A Sliver of Light: Three Americans Imprisoned in Iran
- First edition
- Author: Shane Bauer, Joshua Fattal, and Sarah Shourd
- Language: English
- Genre: Memoir
- Publisher: Houghton Mifflin Harcourt
- Publication date: 2014

= A Sliver of Light =

2014 memoir by Shane Bauer

A Sliver of Light: Three Americans Imprisoned in Iran is a 2014 memoir by Shane Bauer, Joshua Fattal, and Sarah Shourd, published by Houghton Mifflin Harcourt/Eamon Dolan. It discusses the 2009–11 detention of American hikers by Iran.

The book uses the first-person narrative and switches between the points of view of Bauer, Fattal, and Shourd.

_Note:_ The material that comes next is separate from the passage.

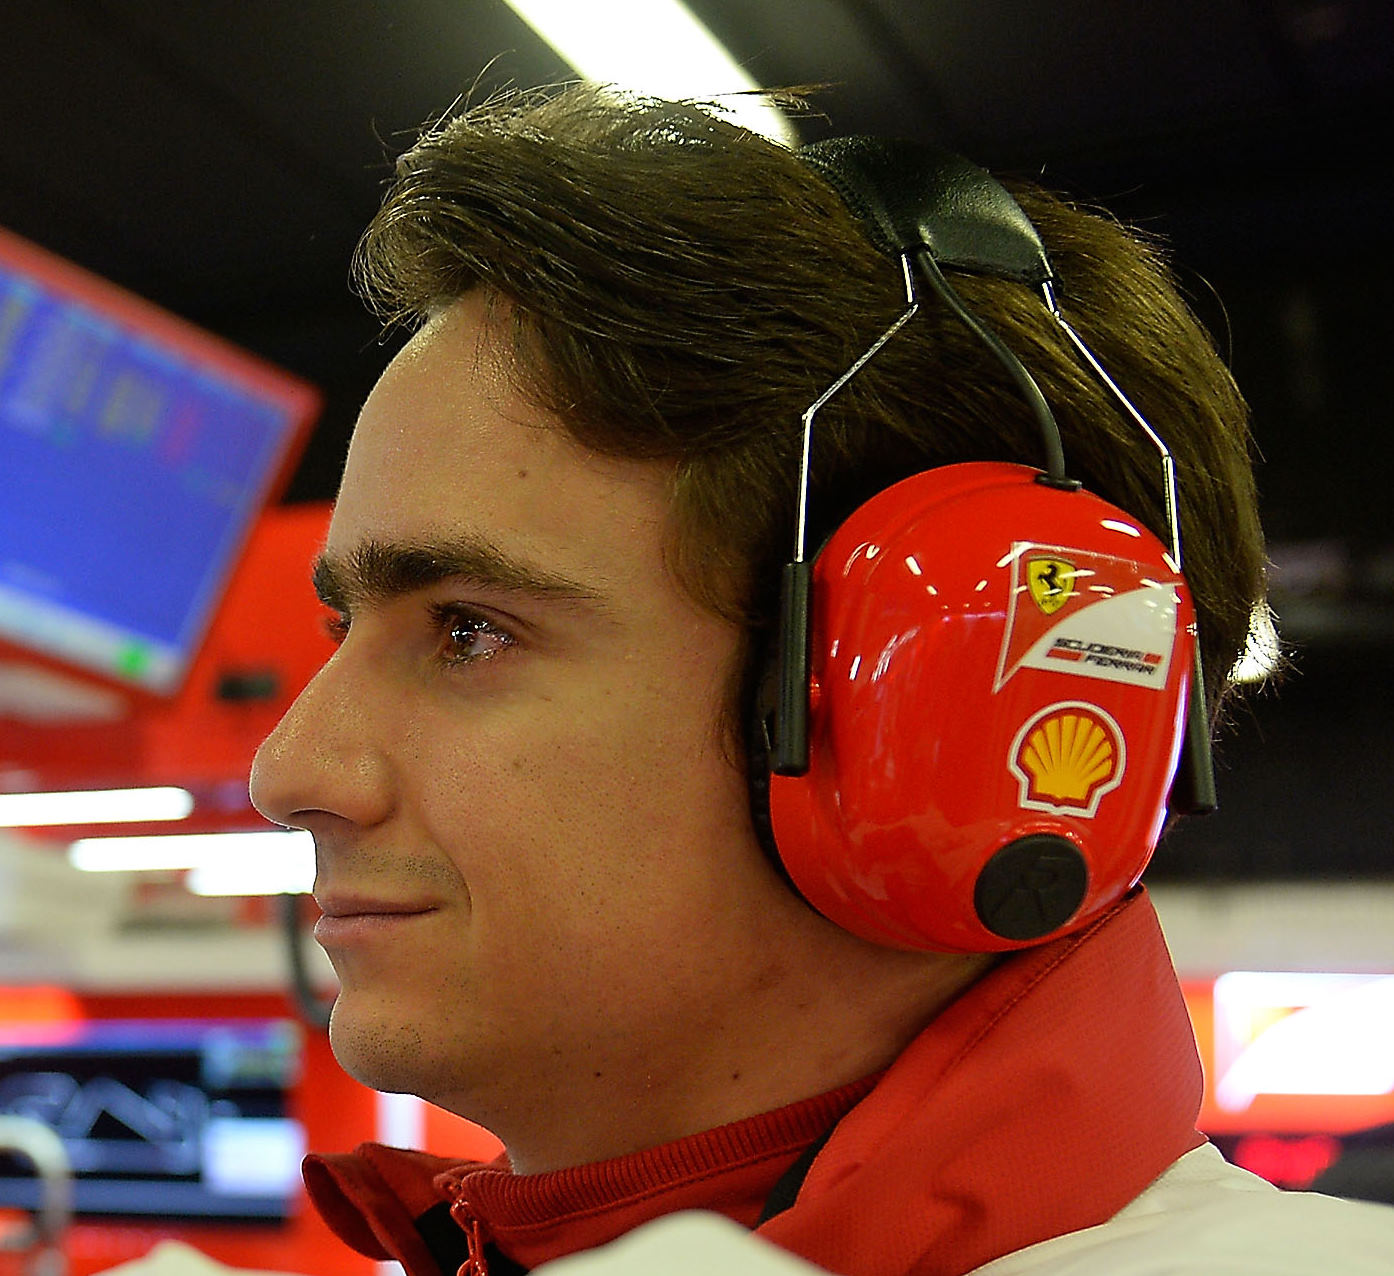 Esteban Gutierrez eyes a Ferrari seat - the Haas team is the best seat his check can buy for now
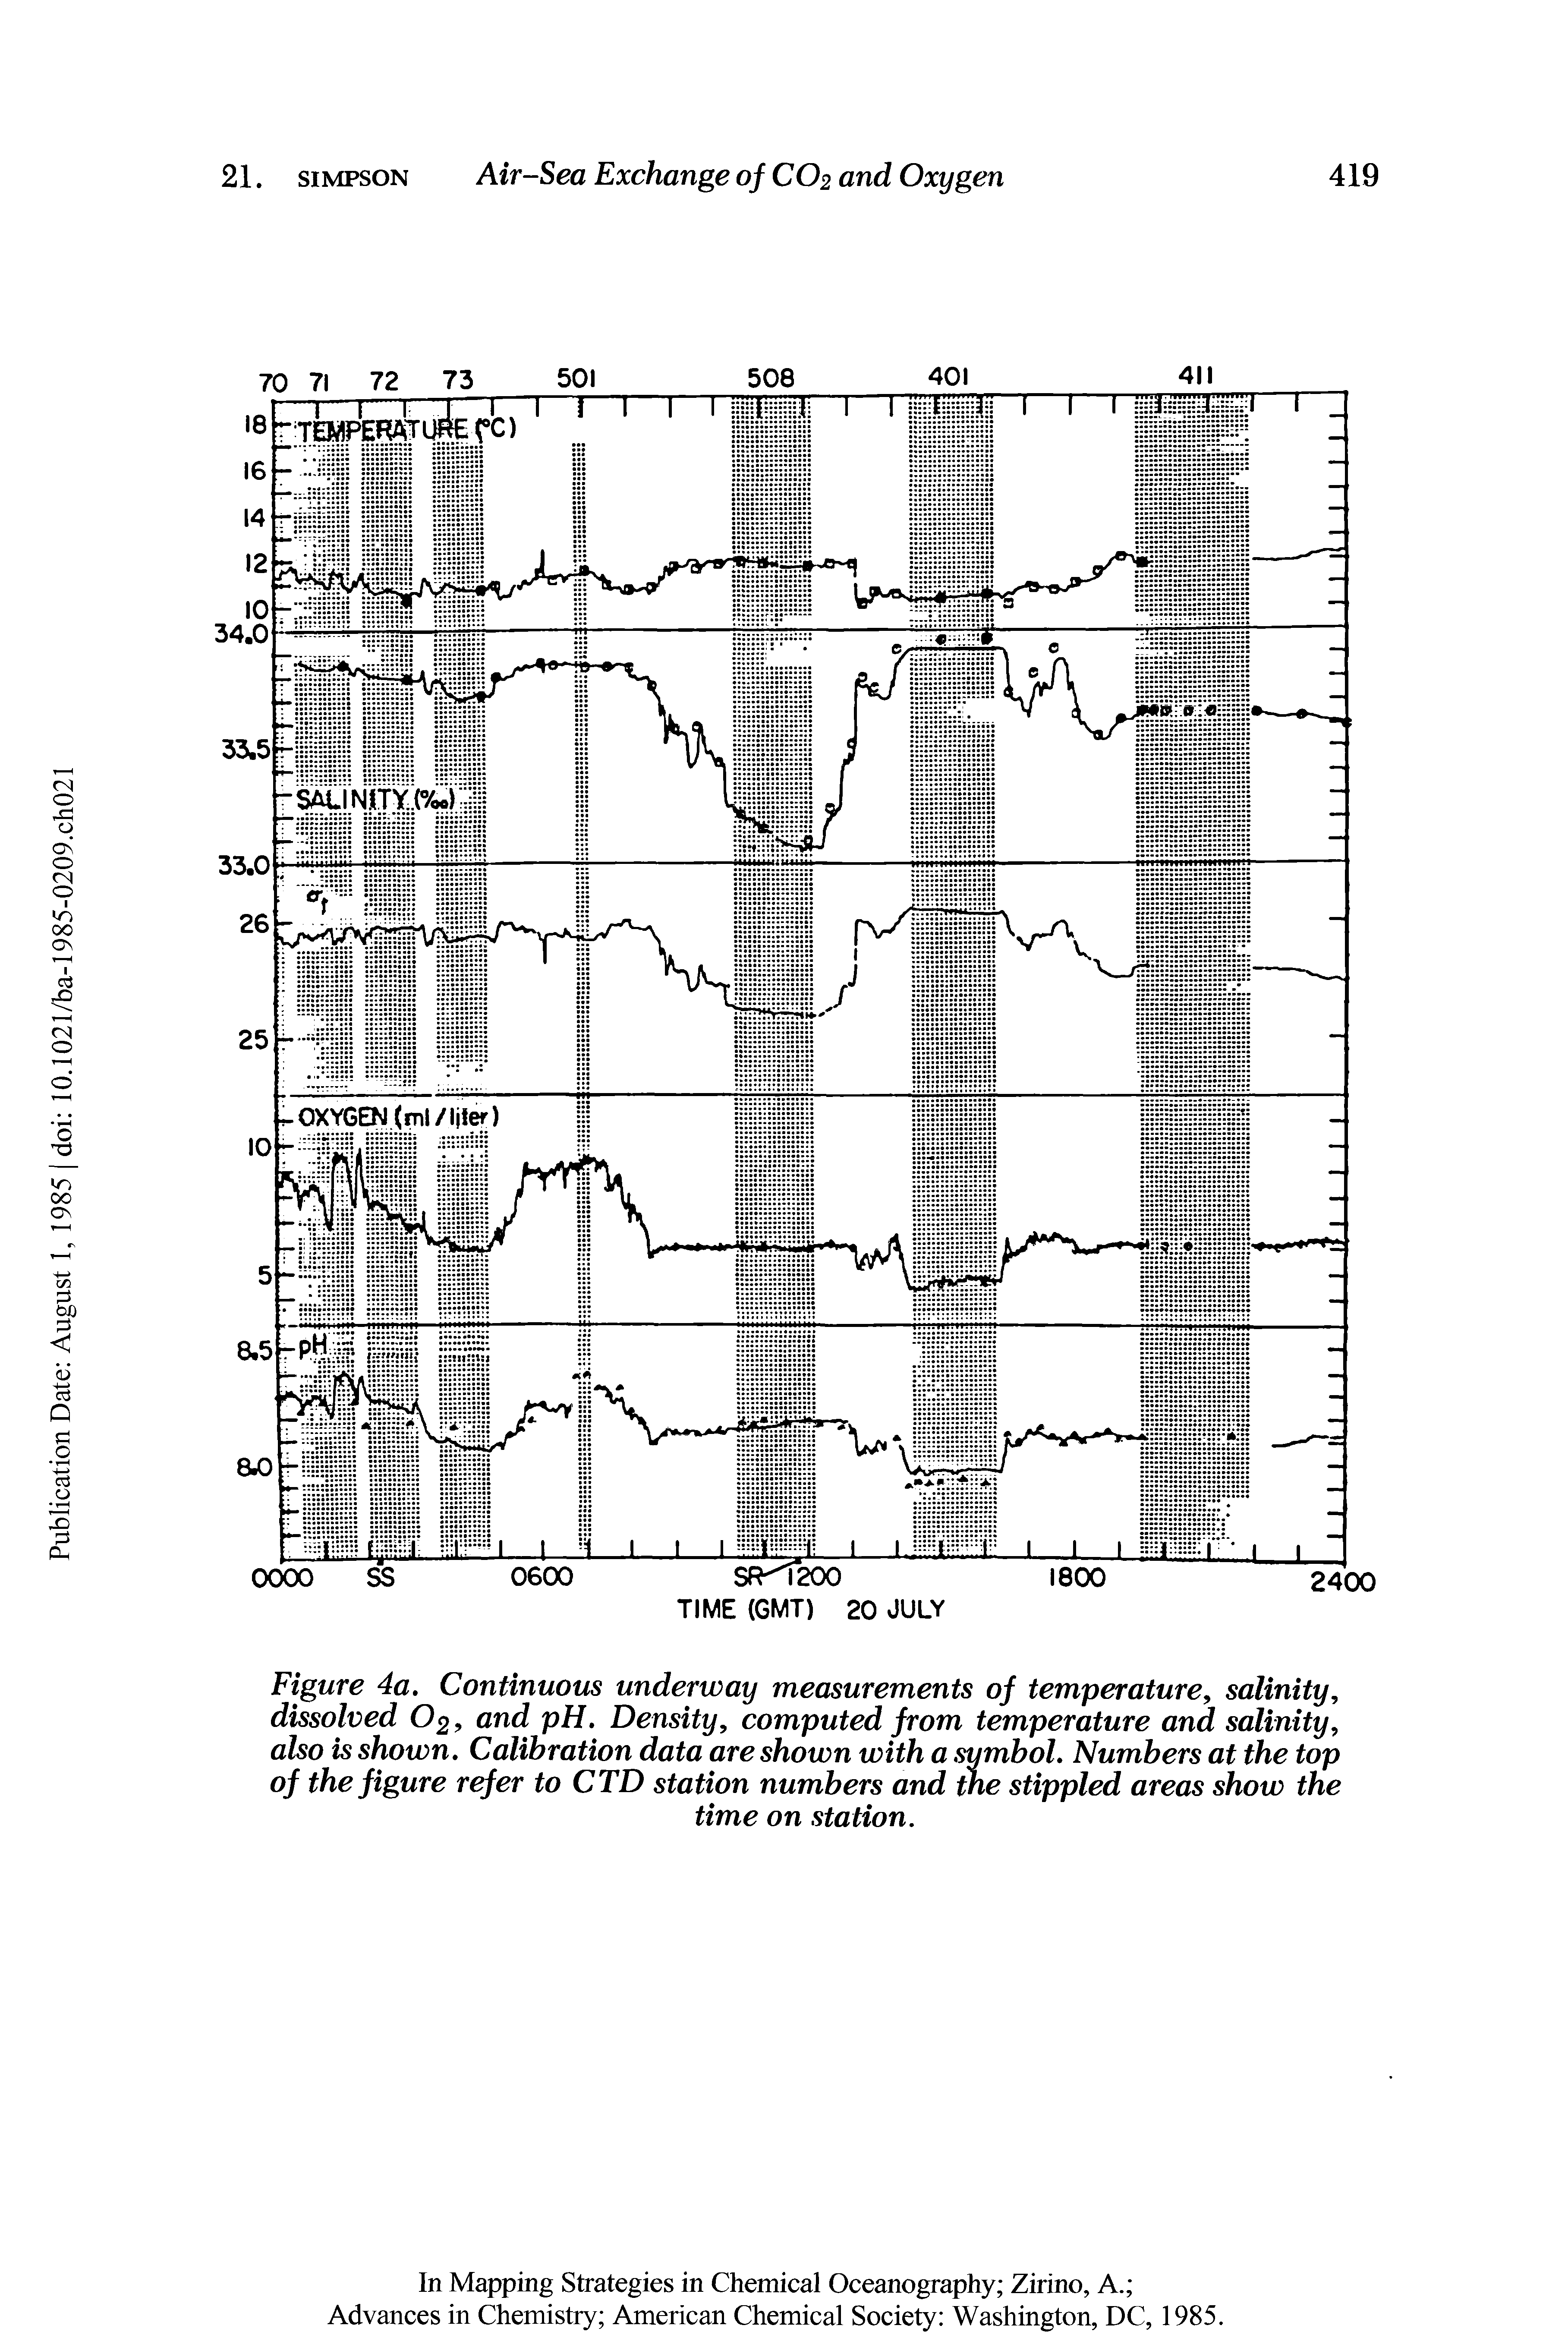 Figure 4a. Continuous underway measurements of temperature salinity, dissolved O2 and pH. Density, computed from temperature and salinity, also is shown. Calibration data are shown with a symbol. Numbers at the top of the figure refer to CTD station numbers and the stippled areas show the...

The book ends with the authors, after their release, adjusting to the free world and discussing the Guantanamo Bay detention center, Israel, and regime change.

Publishers Weekly stated that the book has "Moments of humor and insight" and that the "voices" of the co-authors "remain oddly similar".

==Reception==
Susanne Pari, an Iranian American who wrote a review for the San Francisco Chronicle wrote that the " detailed, nuanced, honest, full-bodied memoir" has "an exciting pace" and that it had an "objective" treatment of the subject matter.

Kirkus Reviews concluded that the book is "An unsugared account that demonstrates the admirable, unbreakable bond of friends, parents and countrymen."

Bob Goldfarb of the Jewish Book Council stated that "it’s absorbing and hard to put down" and that the book "offers many of the pleasures of an epistolary novel."